- Description of the task -
For the records below, output word for word the lines from the one with "Kinder T-Shirt 3" up to and including the one with "Anti Social Social". No pictures.

### Data to examine

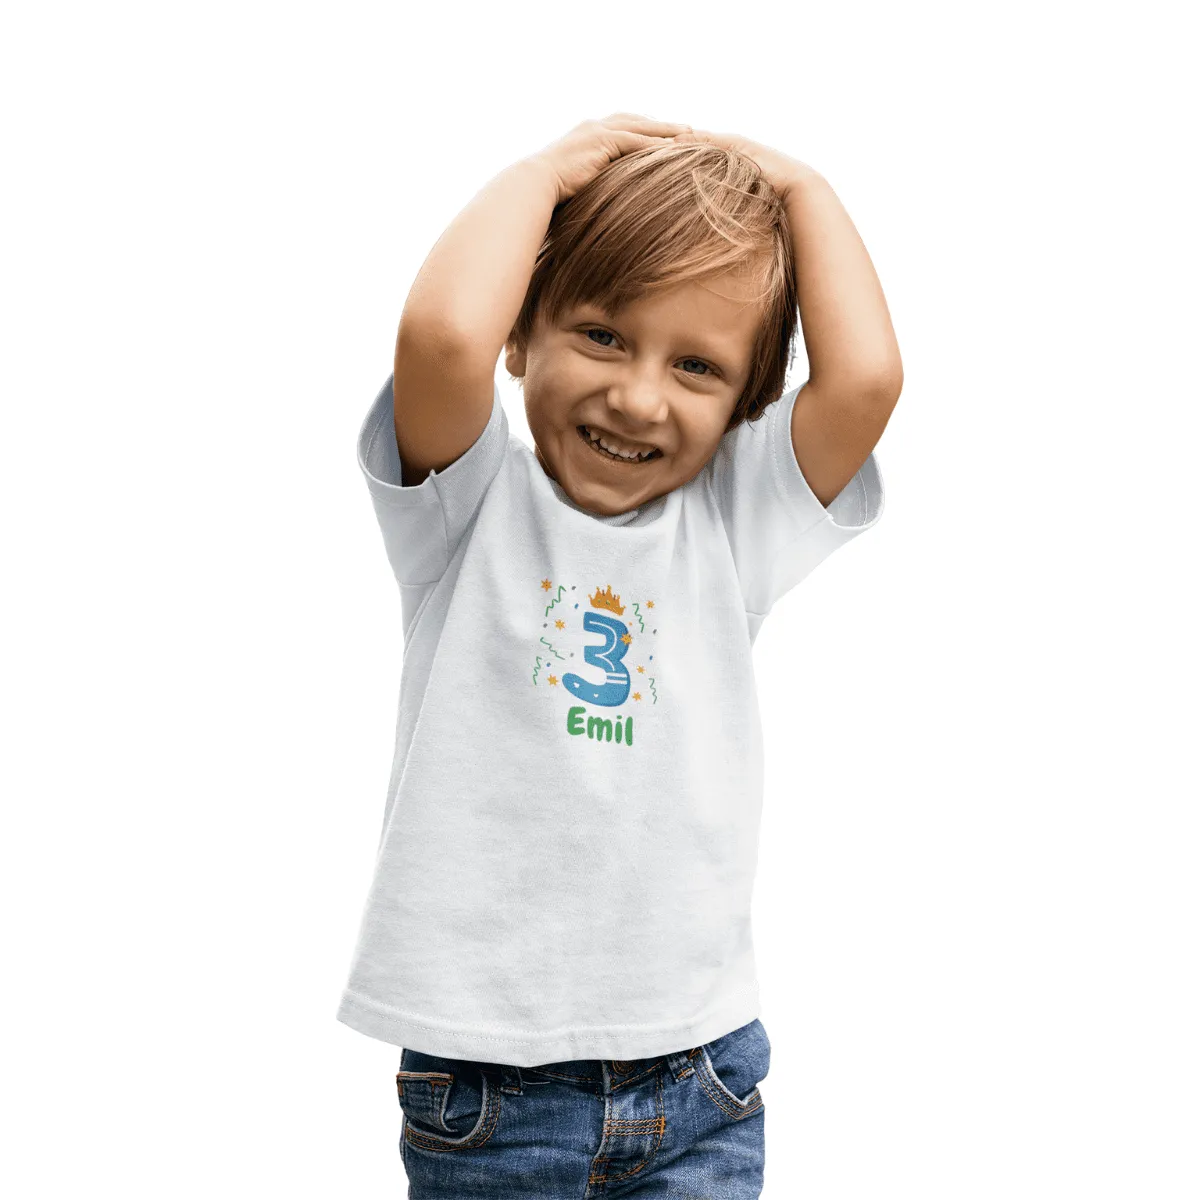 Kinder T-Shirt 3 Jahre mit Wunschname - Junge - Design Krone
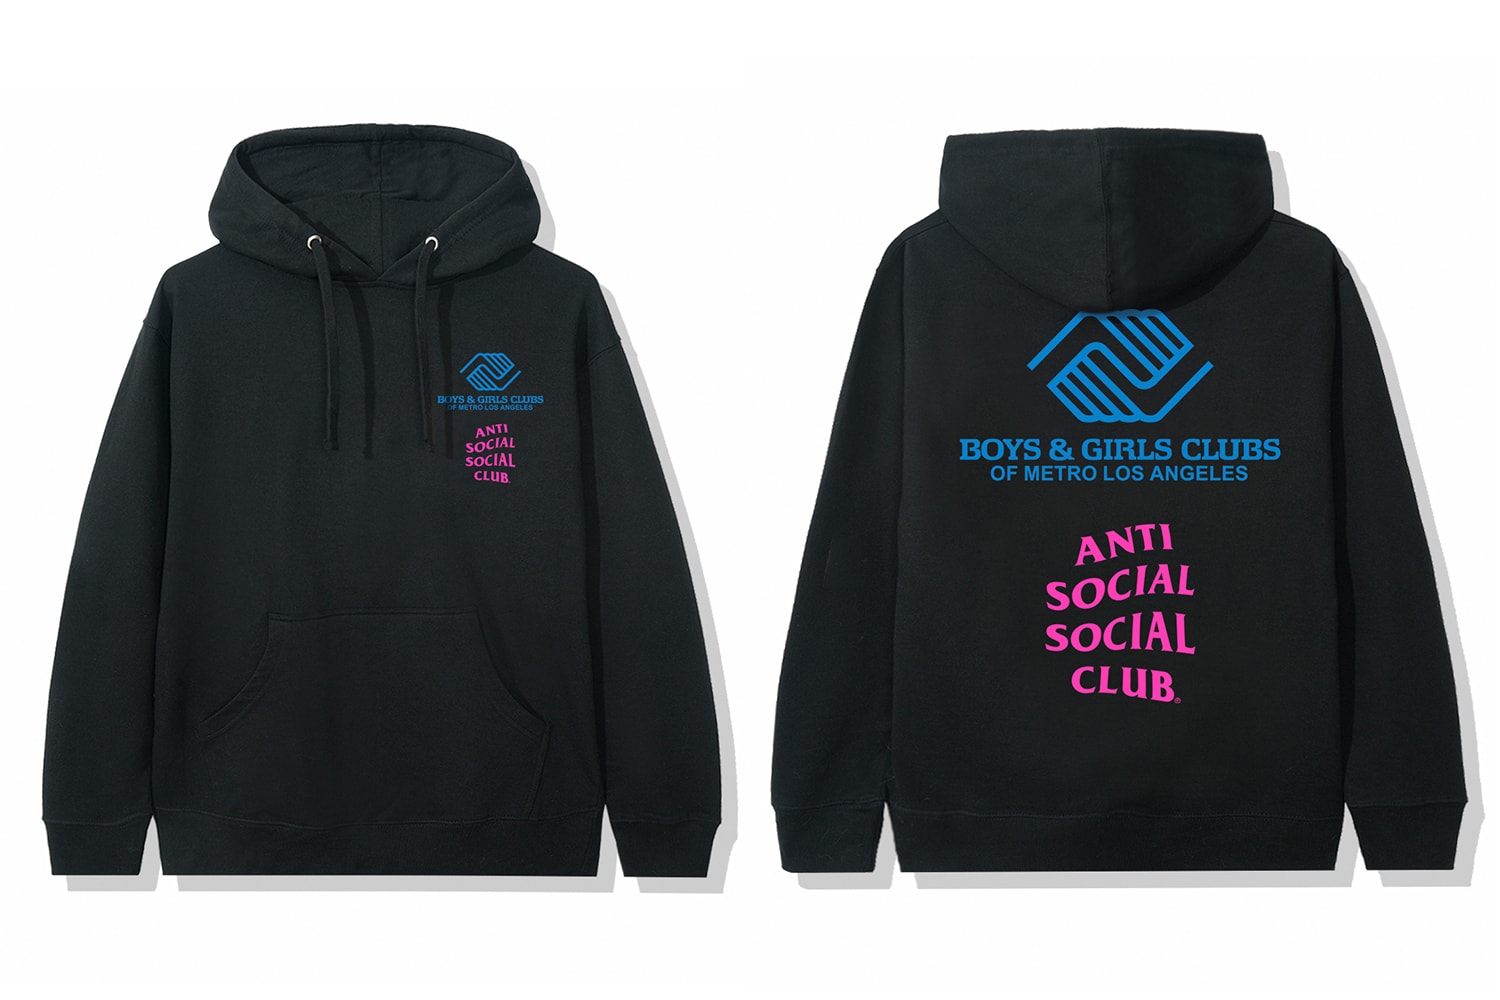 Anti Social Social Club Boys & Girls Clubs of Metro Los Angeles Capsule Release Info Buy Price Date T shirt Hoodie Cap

######
### Data to examine

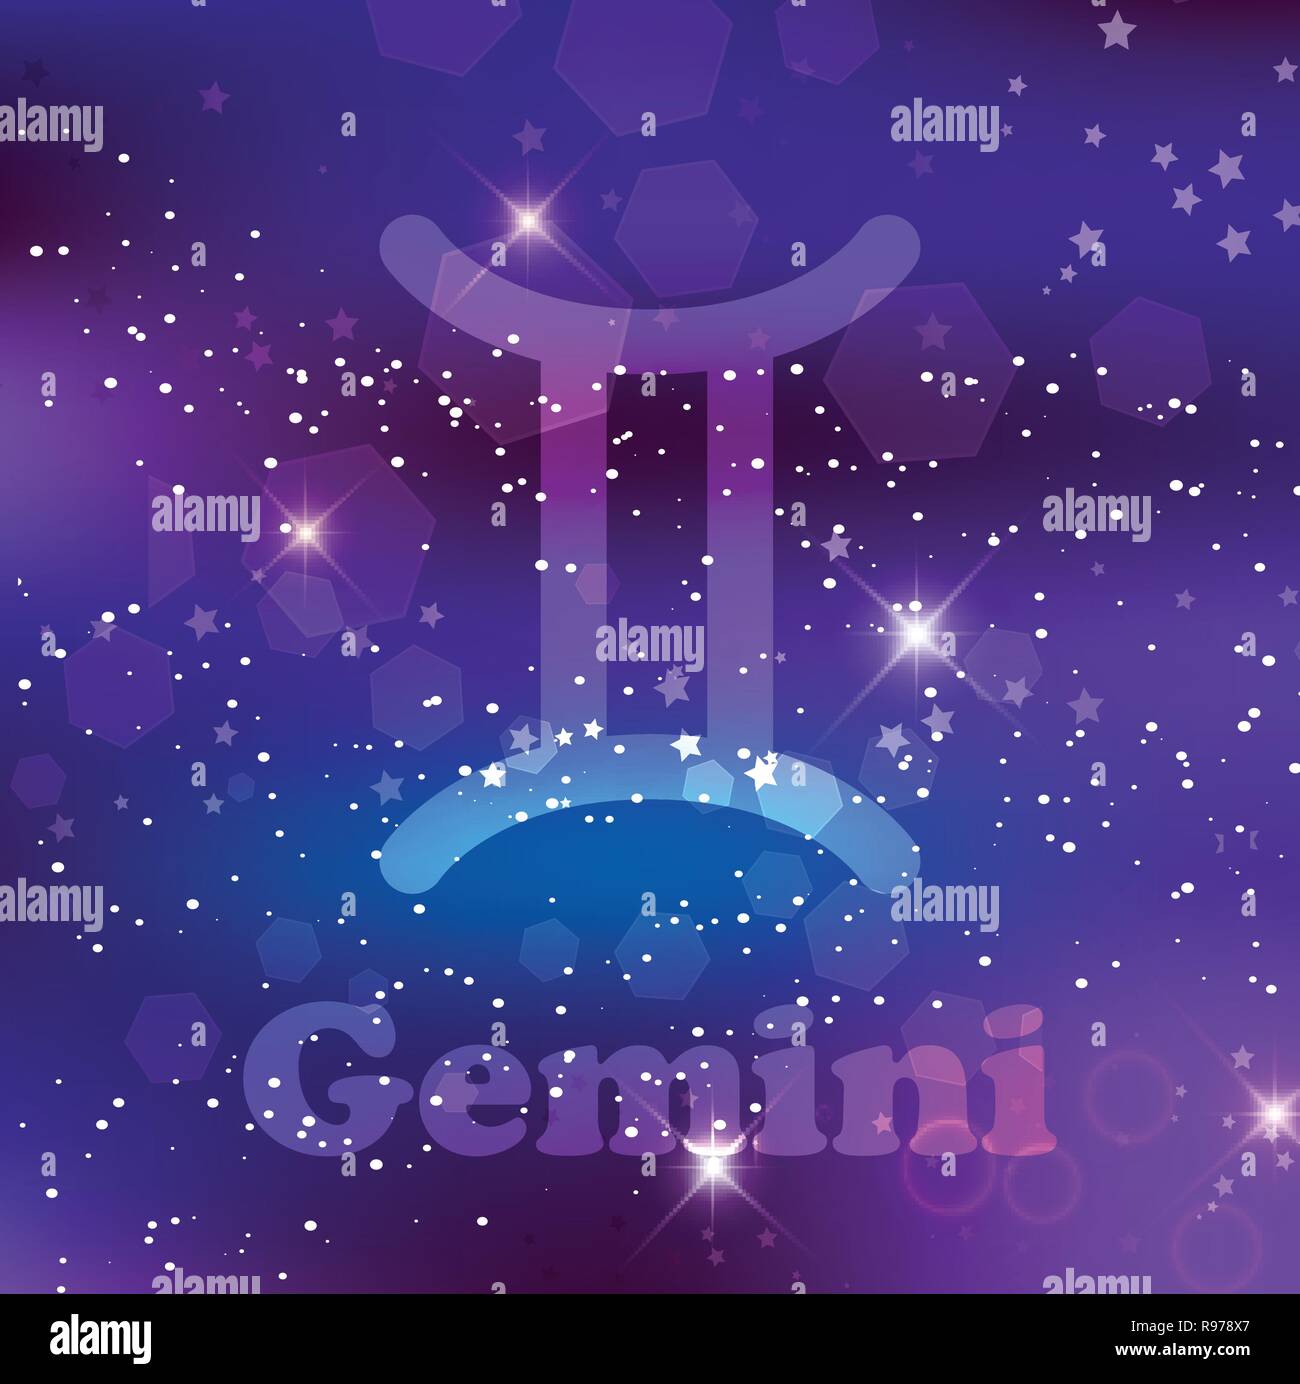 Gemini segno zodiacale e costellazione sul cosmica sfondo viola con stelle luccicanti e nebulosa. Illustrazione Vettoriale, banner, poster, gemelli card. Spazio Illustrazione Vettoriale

######

- Exercise answer -
 Kinder T-Shirt 3 Jahre mit Wunschname - Junge - Design Krone
 Anti Social Social Club Boys & Girls Clubs of Metro Los Angeles Capsule Release Info Buy Price Date T shirt Hoodie Cap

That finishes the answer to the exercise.